Exercise brief: Reproduce the entries below exactly, but only from the line containing "Der Mann am" to the line containing "Alberto Ziveri (Rom, 1908 - 1990), der", inclusive.

:: Records to use ::

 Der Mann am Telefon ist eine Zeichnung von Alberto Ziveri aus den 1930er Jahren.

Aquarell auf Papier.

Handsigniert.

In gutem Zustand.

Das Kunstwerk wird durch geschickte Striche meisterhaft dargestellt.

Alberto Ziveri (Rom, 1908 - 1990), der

:::
:: Records to use ::

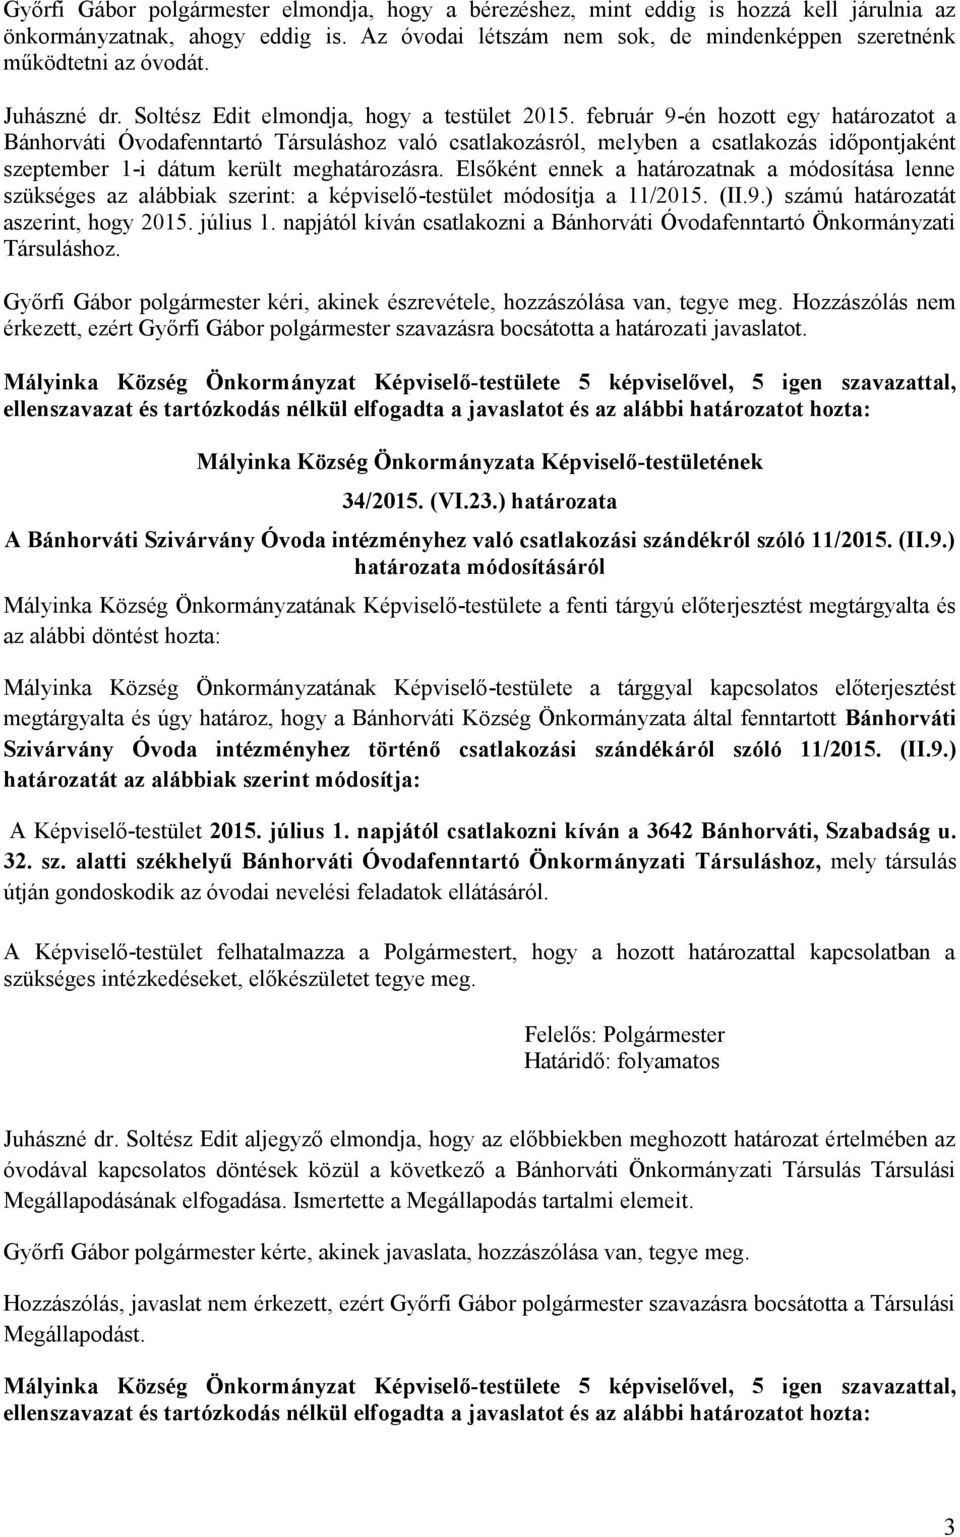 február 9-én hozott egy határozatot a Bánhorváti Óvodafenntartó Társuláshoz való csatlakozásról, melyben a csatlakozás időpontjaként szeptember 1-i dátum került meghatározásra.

:::

Response:
 Der Mann am Telefon ist eine Zeichnung von Alberto Ziveri aus den 1930er Jahren.

Aquarell auf Papier.

Handsigniert.

In gutem Zustand.

Das Kunstwerk wird durch geschickte Striche meisterhaft dargestellt.

Alberto Ziveri (Rom, 1908 - 1990), der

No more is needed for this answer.